Pediatric cases are on the rise in Austin as Austin Public Health urges children to get vaccinated. (Pixabay)

Pediatric COVID cases have surged to their highest daily levels yet during the omicron surge, causing a "domino effect" on schools and hospitals, Austin Public Health said in a press conference Friday.

Austin is currently at Stage 5, the highest level of COVID risk-based guidelines, as the community transmission rate remains at an alarming level with 1,896 cases per 100,000 residents in the past seven days. At this level of risk, the CDC recommends canceling school or moving extracurricular activities online, and per APH recommendations, K-12 schools are requiring masking as some schools briefly shut down due to the surge and current wintry weather.

The department urged residents to vaccinate their children as 91% of children who have been hospitalized due to COVID in the past two weeks are unvaccinated.

Of the 28 children in hospitals for COVID, none are vaccinated—a trend the area has been reporting for weeks, APH guest and Executive Director at Capital Area of Texas Regional Advisory Council Douglas Havron said.

"Tis the season for respiratory illnesses" in pediatric populations, APH Interim Director Adrienne Stirrup said, and more children at hospitals are being diagnosed with combinations of COVID, the flu and the common cold when they arrive.

While variants of the past have usually had little effect on children, APH said the omicron variant has posed a new threat on the youngest portion of the population in recent weeks because of low vaccination rates and rapid spread at schools.
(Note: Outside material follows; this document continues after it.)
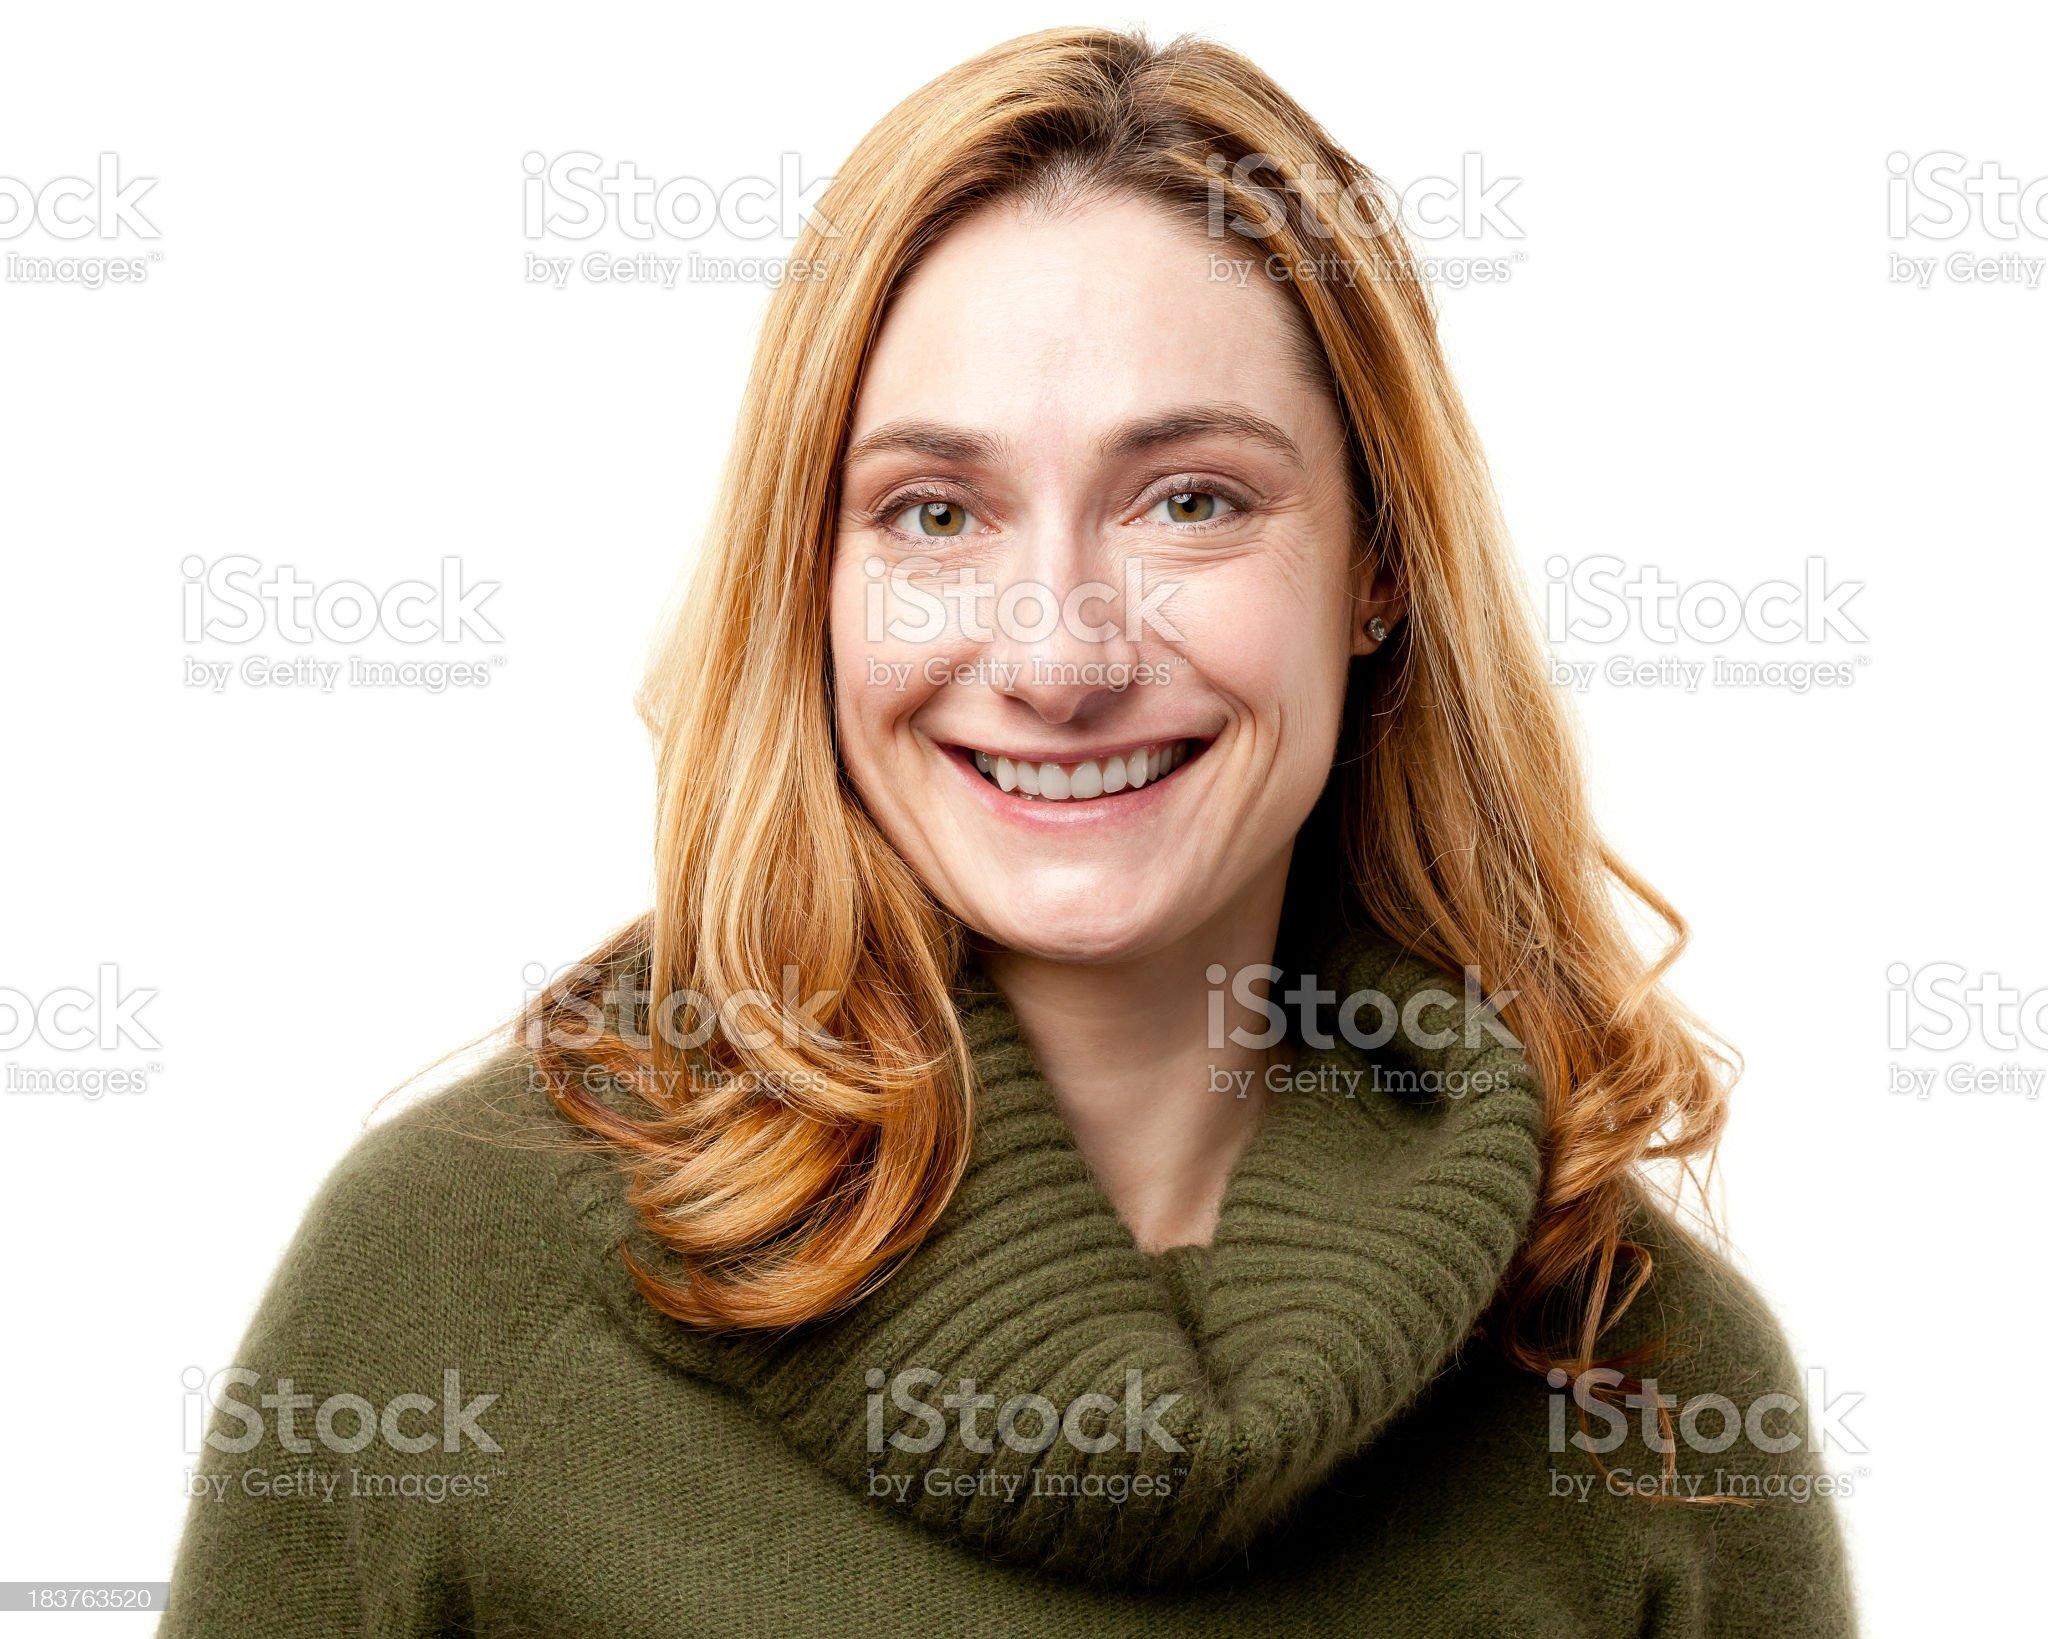 Female Portrait royalty-free stock photo
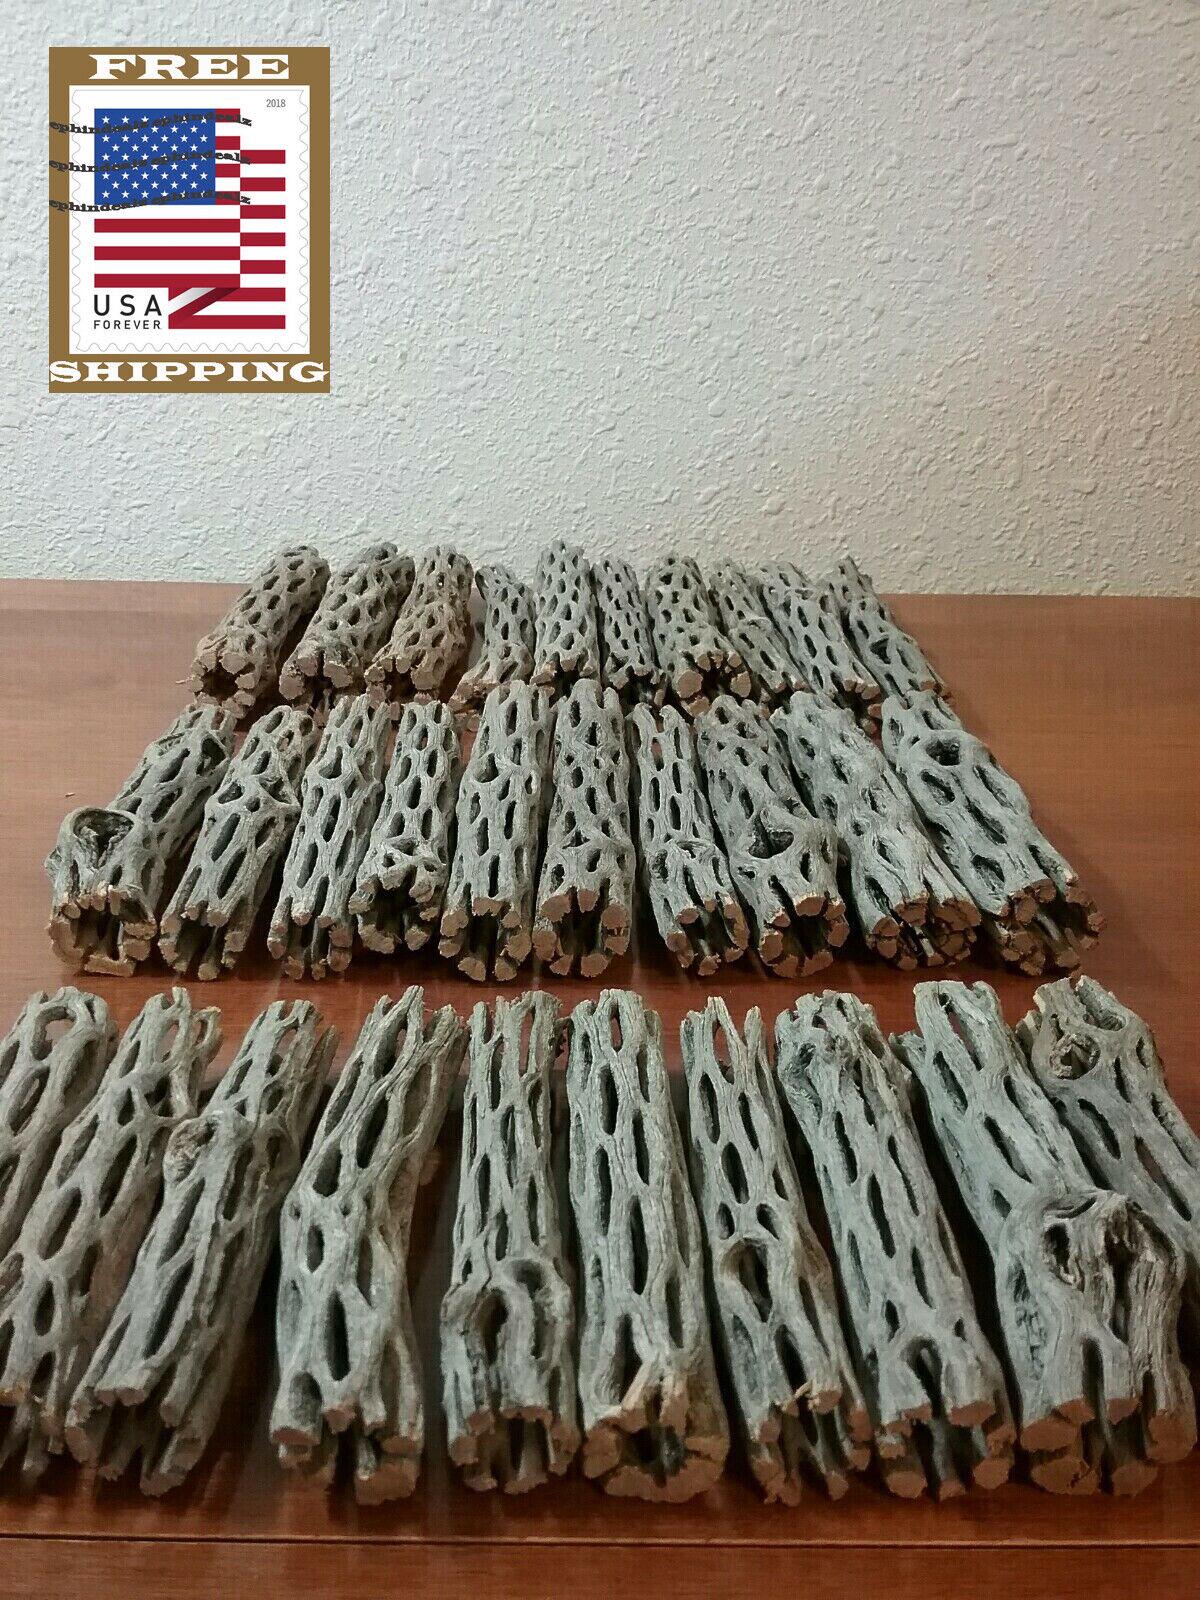 NEW 30 pcs CHOLLA Wood | 3 Sizes Multi-Pack | Organic Driftwood | Craft Aquarium

At Delta's peak, the city saw 36 new pediatric cases in a day, but Havron said 46 new cases were reported Thursday.

For parents that may have been apprehensive about getting their young children vaccinated, Stirrup said that studies have shown that the vaccine can safely protect children from risk of severe illness and hospitalization from COVID.

"We've now delivered millions of doses of vaccine to children in a safe way, and we know that we are seeing 90% protection from hospitalization and severe illness in children who are vaccinated," Stirrup said.

Chief epidemiologist Janet Pichette said the department is hopeful that Austin will see a dip in omicron numbers as a result of proper masking, testing and vaccinations,

"I like to think that we're close to the peak of where we are and that things will get better over the next week or so," Pichette said. "That's what the projections seem to show... hospitals are still continuing to be impacted, so when I start seeing numbers that tend to flatten out, I'll be a little bit more optimistic that we're on the downhill side."